*Collected material:*
--- --- ---

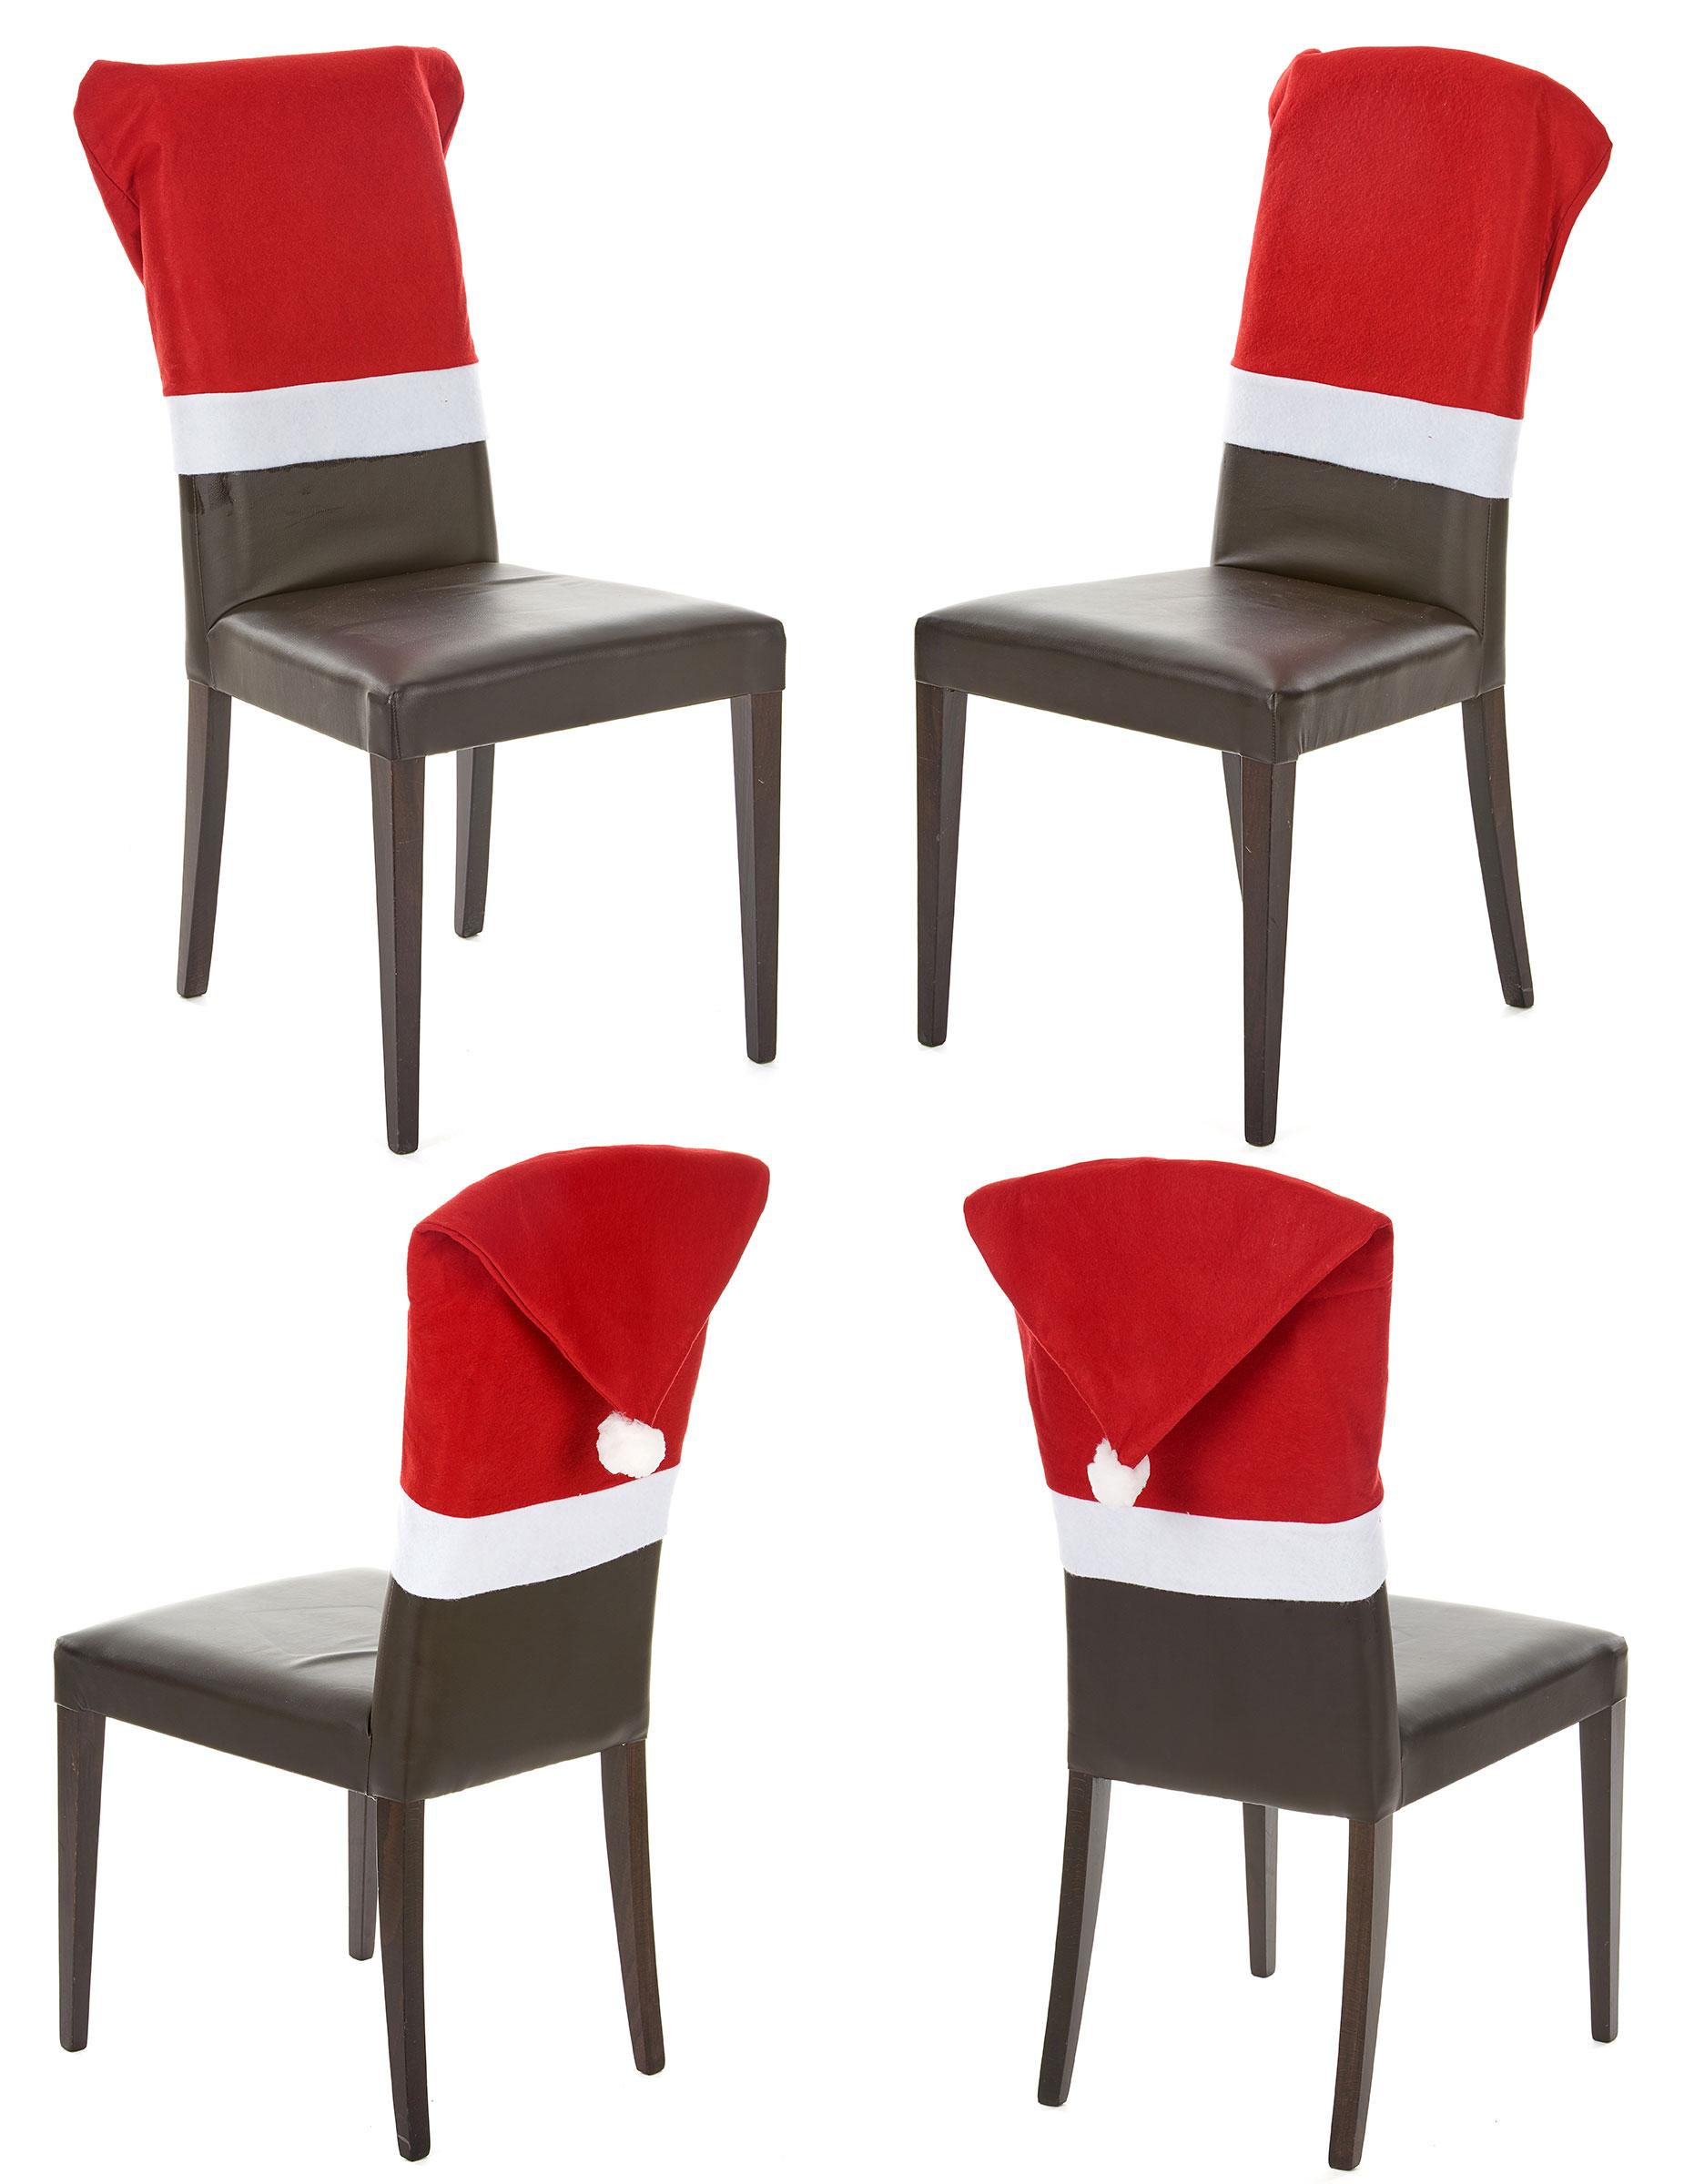 Lot 4 Housses De Chaise Rouge No L Achat De Decoration
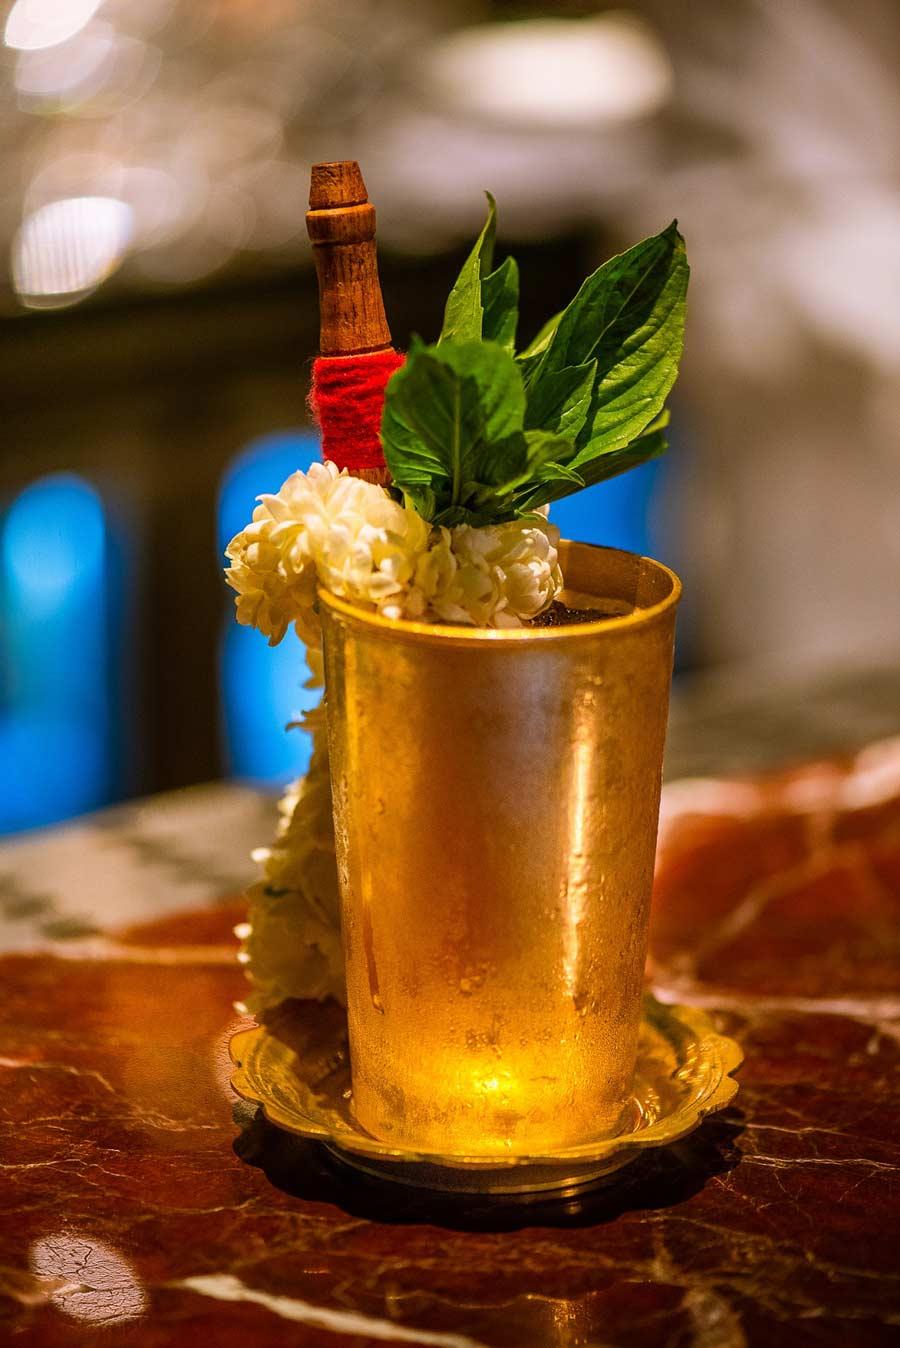 'ขุนศึก' ค็อกเทลที่ชนะการประกวดการแข่งขันจากงาน Mekhong Thai Spirit Cocktails 2017
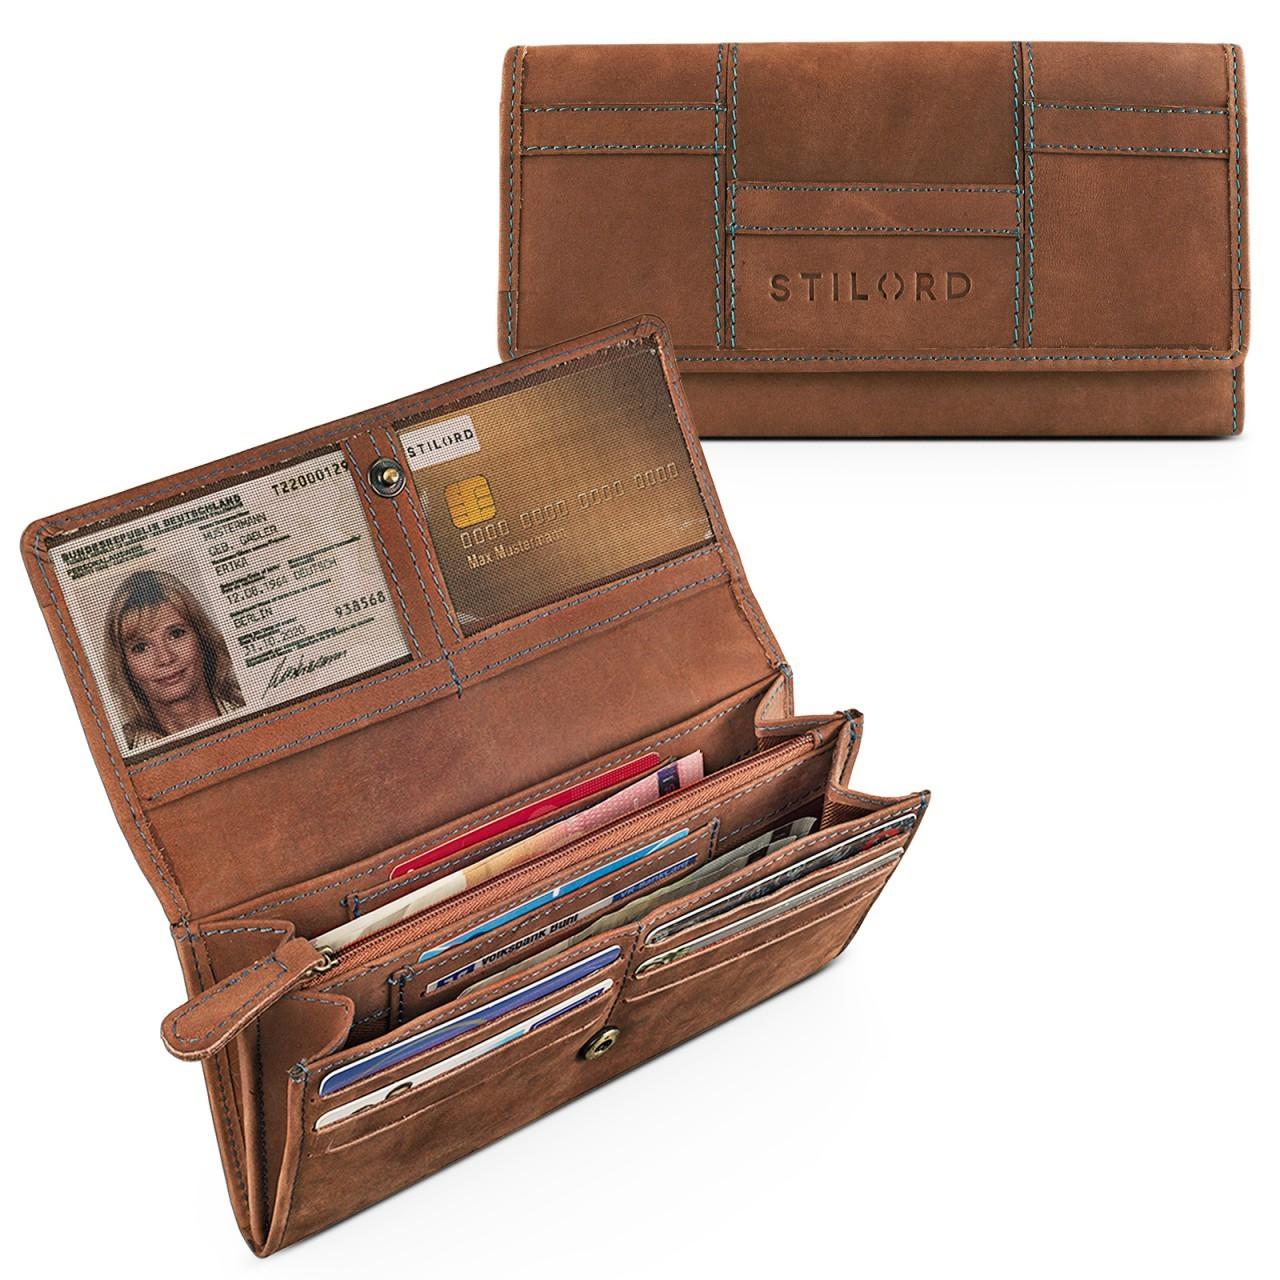 STILORD Vintage Portemonnaie aus Leder für Damen groß Geldbeutel Ledergeldbörse Reißverschluss Kartenfach Büffel-Leder braun - Bild 2

--- --- ---

Output the lines above verbatim, images excluded.

*Your solution:*
 Lot 4 Housses De Chaise Rouge No L Achat De Decoration
 'ขุนศึก' ค็อกเทลที่ชนะการประกวดการแข่งขันจากงาน Mekhong Thai Spirit Cocktails 2017
 STILORD Vintage Portemonnaie aus Leder für Damen groß Geldbeutel Ledergeldbörse Reißverschluss Kartenfach Büffel-Leder braun - Bild 2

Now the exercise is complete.